What Does the Court Clerk Hiring Process Look Like?
The hiring process when it comes to court clerks is similar to the process incurred when getting hired for any public-sector position.
You'll start by applying for open jobs which can typically be found on your county's website. After applying, you'll be subjected to both a background check and a drug test.
If the outcome of those is favorable, you'll get scheduled for an interview.
Interviews for court clerks are typically 2 rounds long, and they're 3 if you phone screening interviews. It's important to note that some court clerks of specific titles in certain districts get elected rather than appointed.
Is There on the Job Training?
Typically, court clerks will get trained when they start their job.

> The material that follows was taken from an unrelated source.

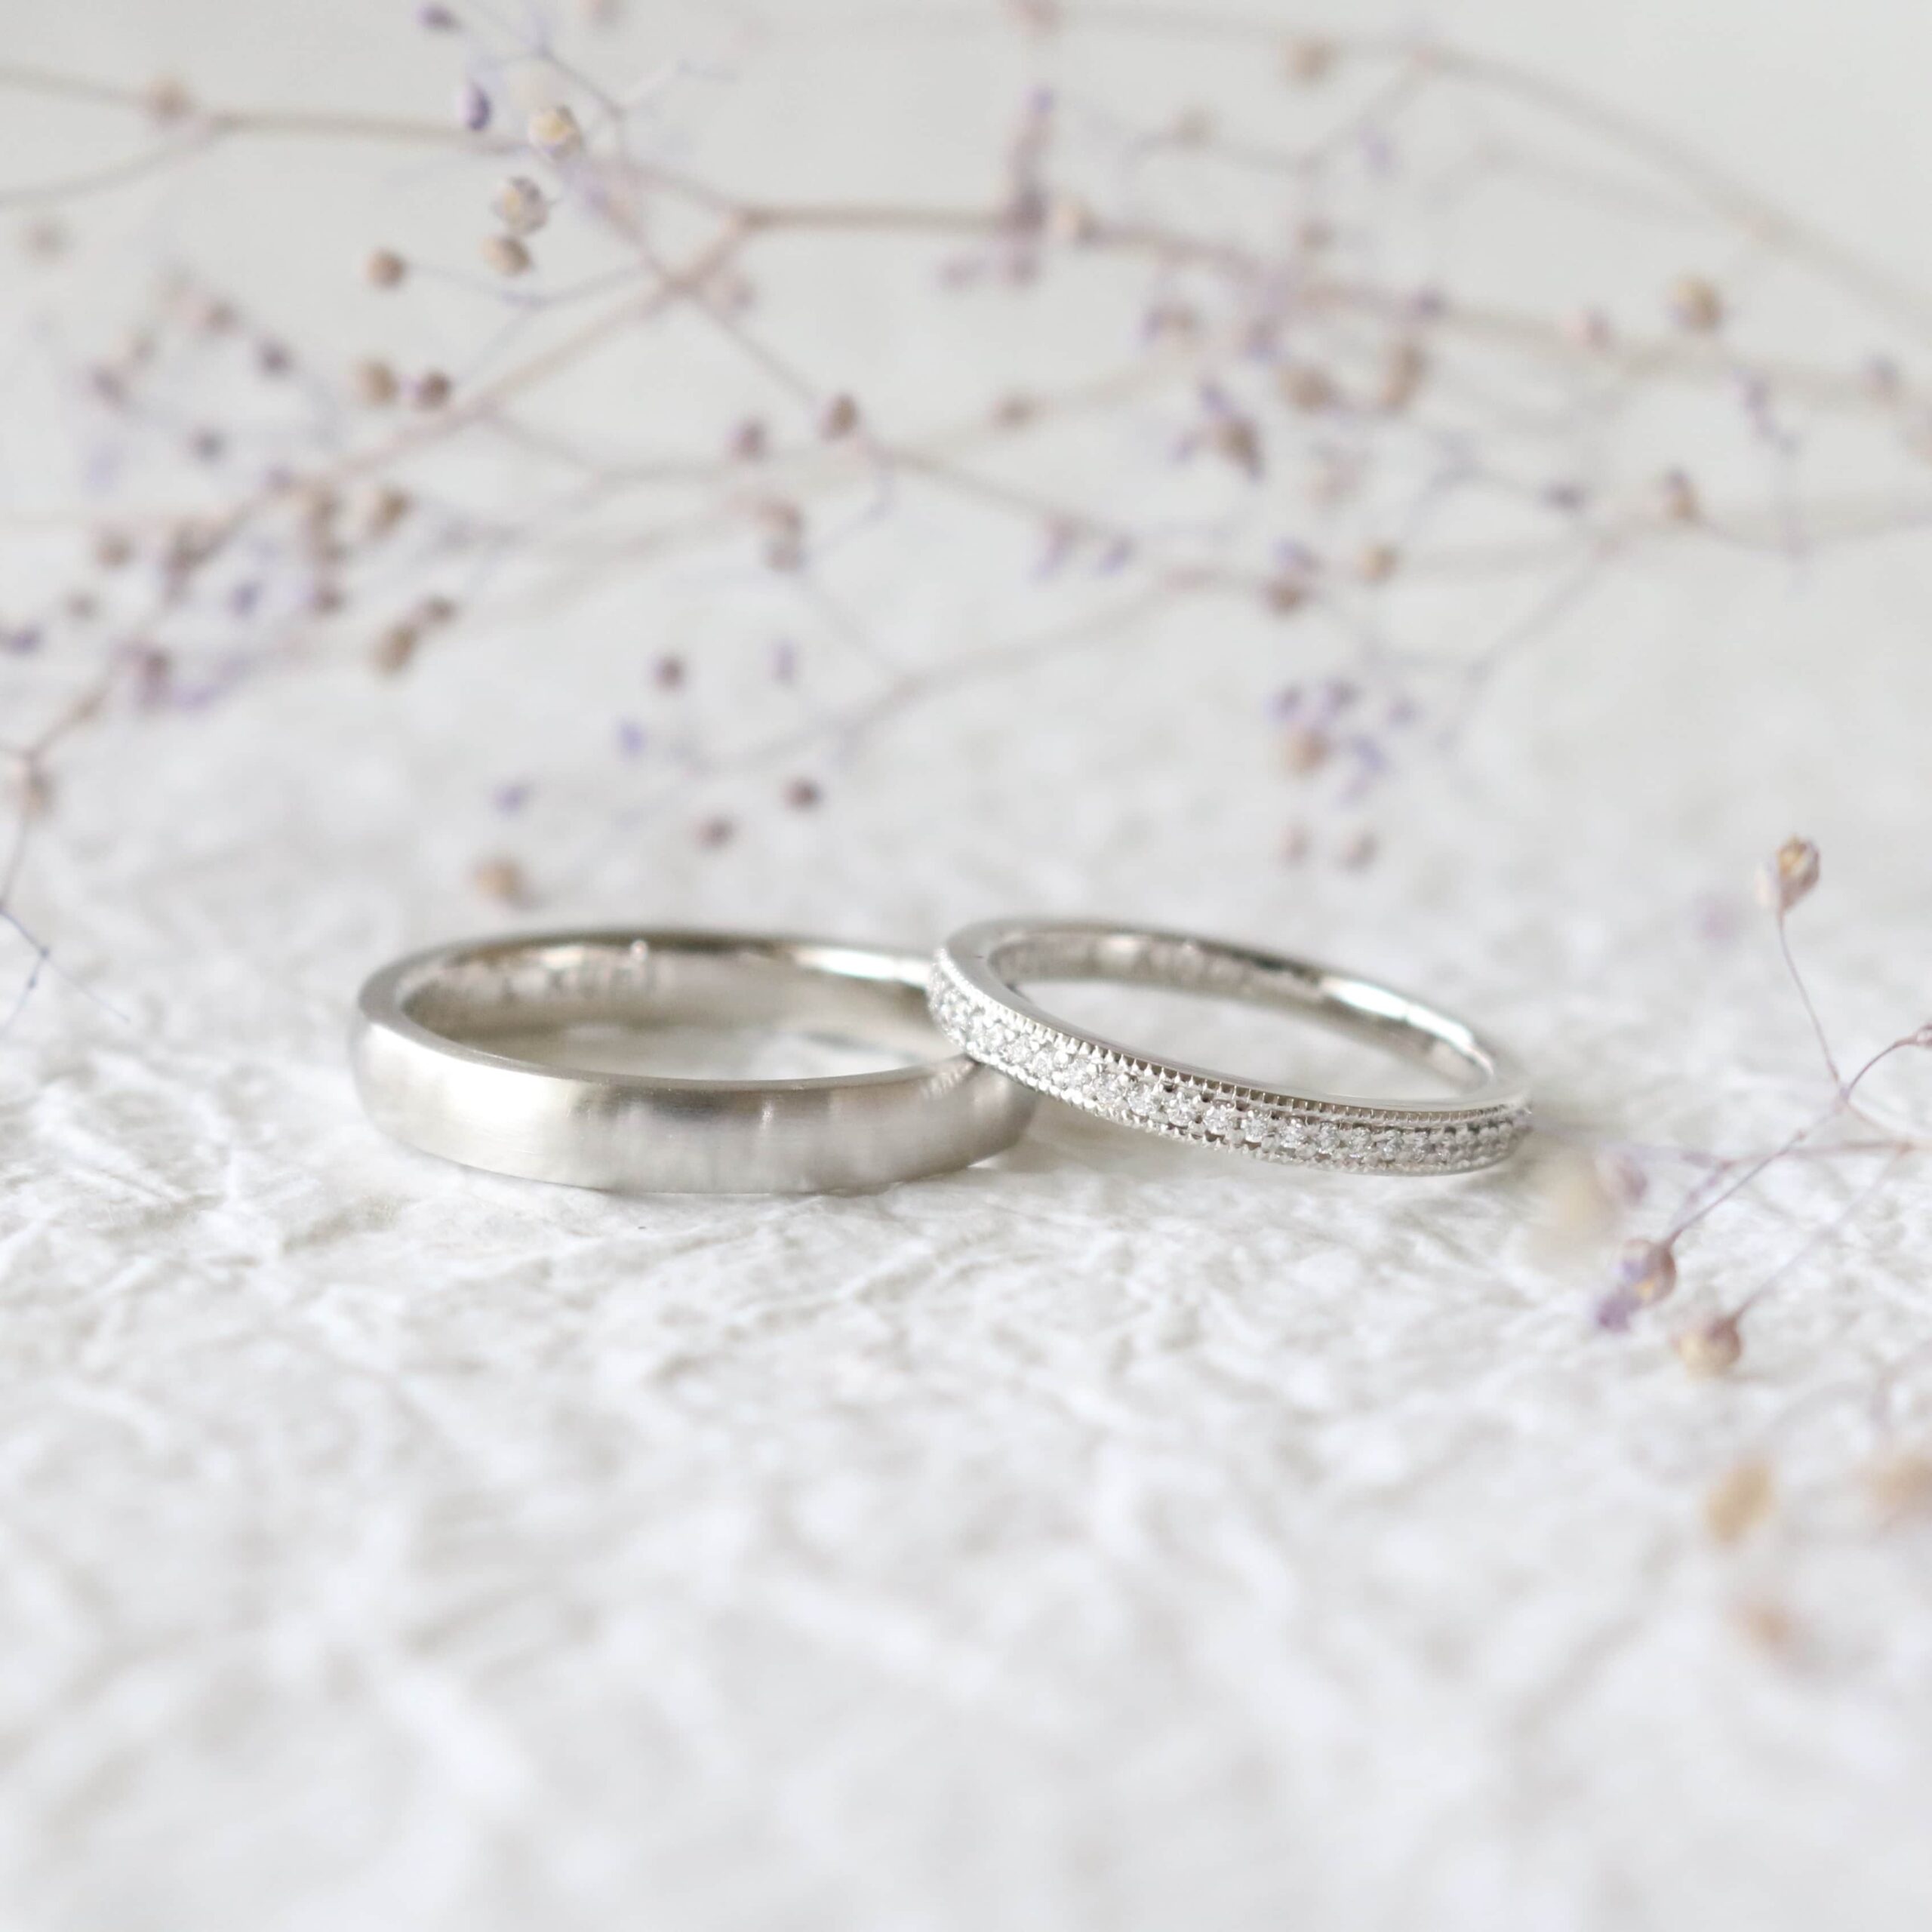 結婚指輪と婚約指輪の兼用に最適なおすすめのデザインについて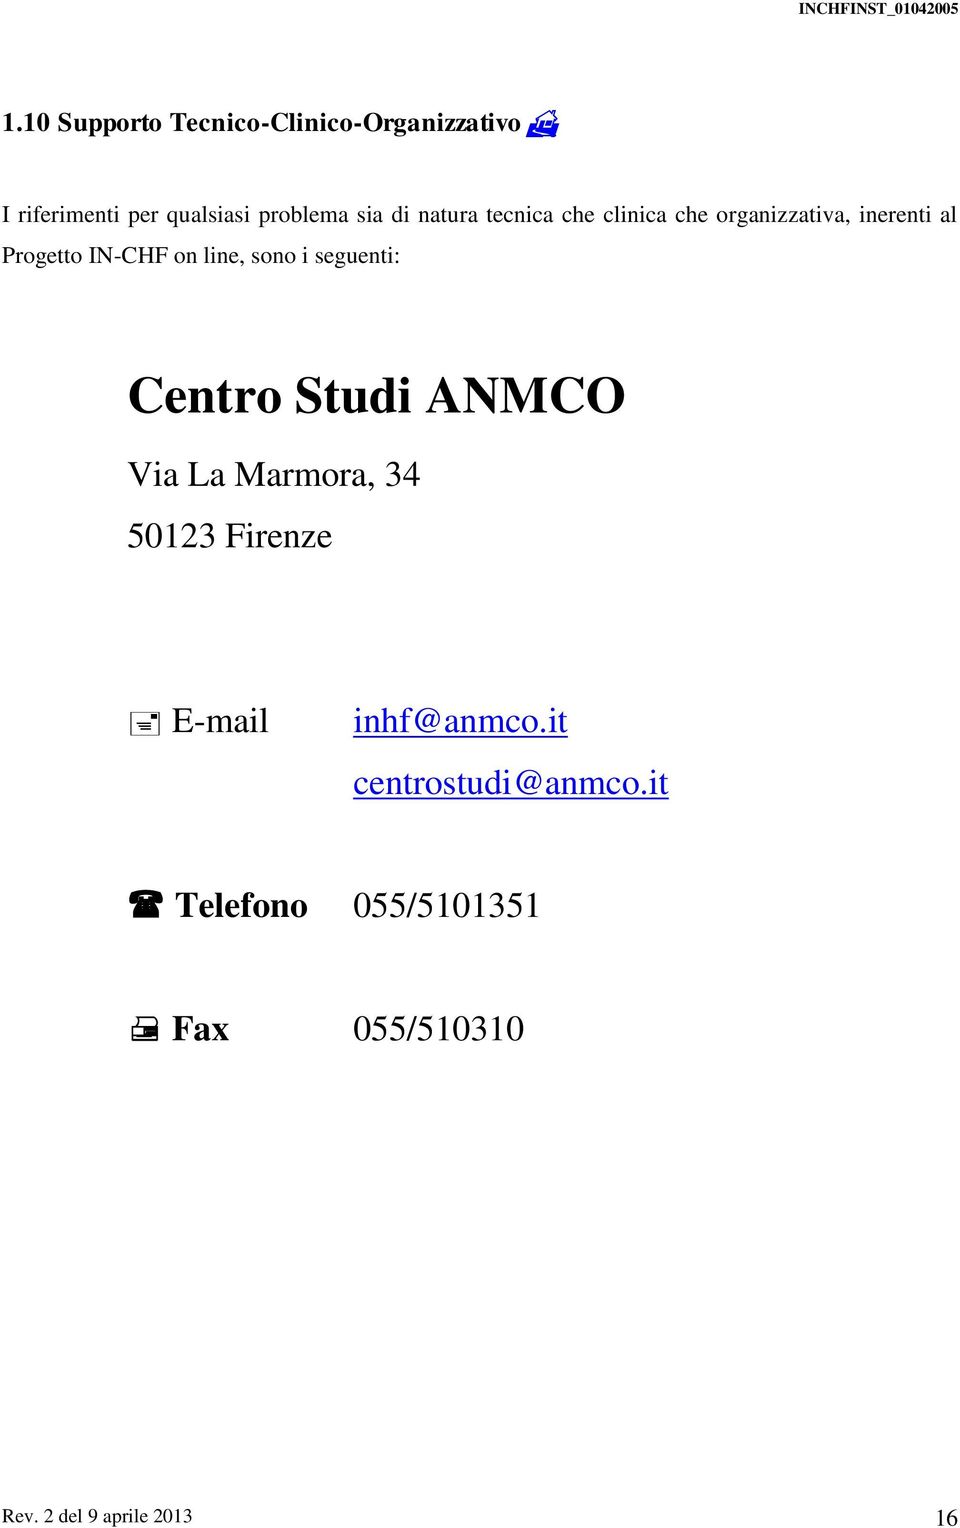 sono i seguenti: Centro Studi ANMCO Via La Marmora, 34 50123 Firenze E-mail inhf@anmco.

While there may be some expectation as far as base knowledge goes when it comes to legal proceedings and administrative tasks, it's well known that different courts have different ways of going about tasks.
That understanding means that the person in charge of overseeing your work should be open to bringing you up to speed on what's expected.
Outlook and Salary
As we mentioned in this article's intro, the outlook for the position of "court clerk" is positive.
The demand for court clerks is expected to rise by as much as 4.5% through the year 2024 which outpaces the growth of many other administrative-based positions. Furthermore, when you consider the median salary of court clerks ($37,000 per year) and weigh that against only needing a high school diploma to apply, the pay to education ratio is pretty good.
If the low pay for court clerks is still a sticking point for you, consider applying for positions in bigger cities. While the workload may be more strenuous in bigger markets, the pay you will receive will compensate for the additional pressure.
Being a court clerk is an excellent entry-level position in the legal field. Many court clerks go on to obtain advanced degrees and become chief court clerks. Some even go on to become lawyers or judges.
If you're interested in the legal field and are looking for a way to gain broad exposure to all of its inner-workings, you'd be hard pressed to find a better way to achieve that end than by becoming a court clerk.
Wrapping up Your Guide to a Career as a Court Clerk
Becoming a court clerk is a great way to obtain a job in a growing field without needing to pursue an advanced degree. If you have a mind for organization and love the idea of getting your feet wet in law, start filling out court clerk applications today!